Shapiro adds one last plum to the pudding, a final chapter making the case for Shakespeare himself. He shows mention after mention of Shakespeare by contemporaries as the author of poems or plays in the canon, plus changes in style, content and musical embellishment in late plays written after 1610 for the upscale, indoors Blackfriars theatre, rather than for the outdoors Globe, and long after Oxford's death. He even highlights a little-noticed author's epilogue for a court performance of "Henry IV, Part II" that could not have come from an earl. All of these details are far more consistent with Shakespeare of Stratford than with Oxford, Bacon or any of the other high-born candidates.
We are much in Shapiro's debt for acknowledging what most laypeople consider obvious: that authorship does matter and that the pros' taboo against talking about it has a downside. We are in Shapiro's debt for shrugging off protests from colleagues that he was wasting his time or else defecting to the dark side. We are also in his debt for a fresh, surprisingly sympathetic look at the Dark Siders themselves, for his keen eye for shaky assumptions that the Dark Siders picked up from the old establishment pros like Malone, and for his fresh, sprightly use of textual and documentary evidence to reconnect Shakespeare with the canon.

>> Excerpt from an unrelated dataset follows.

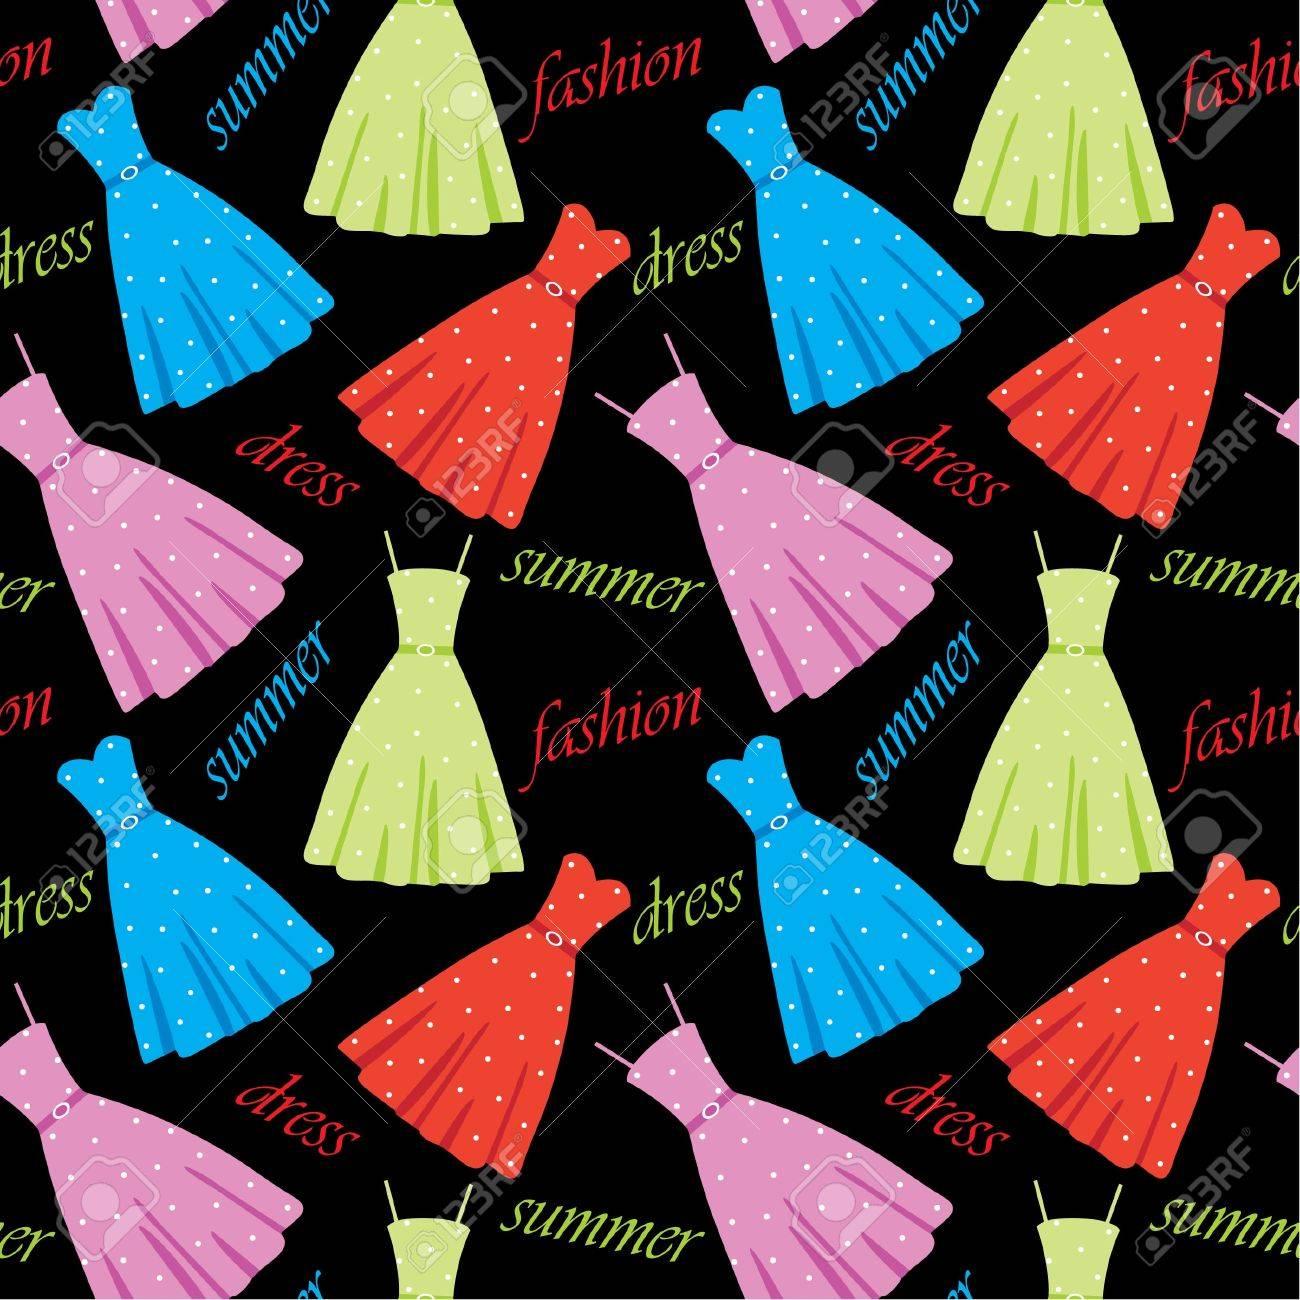 Seamless summer dresses pattern Stock Vector - 14446550

Will Shapiro change anyone's mind? Probably not. The case for the claimants seems beyond recovery, yet few of the entrenched deniers seem bothered even by new evidence. Will even the Shakespeare establishment thank Shapiro for his landmark reaffirmation of orthodoxy? It's doubtful. "Contested Will" is certain to have a very wide, admiring audience, but the establishment is also entrenched — and limited in its influence on the public. It stopped treating Shakespeare as a demigod at least 40 years ago and started treating him as a "dead white male," even a bit of a bore as compared, say, with Rigoberta Menchú. The establishment has also categorically tabooed the authorship question — but the public seems not to have noticed or cared.
There are signs, though, that the establishment, no less than the deniers, has begun to rearrange its trenches, in several ways: more openness to new methods, more openness to co-authorship, less willingness to say it really doesn't matter which is which. All these trends are for the better, and "Contested Will" seems destined to continue to expand them. Shapiro's walk on the dark side has brought to it a lot of new light, yet still shown, at the end, that the deniers are on the wrong track. Whether this will slow or deflect them remains to be seen.
Elliott is the Burnet C. Wohlford professor of American Political Institutions at Claremont McKenna College and a former advisor of the Claremont Shakespeare Clinic, in which student-led teams use computer analysis to assess a variety of Shakespeare claimants.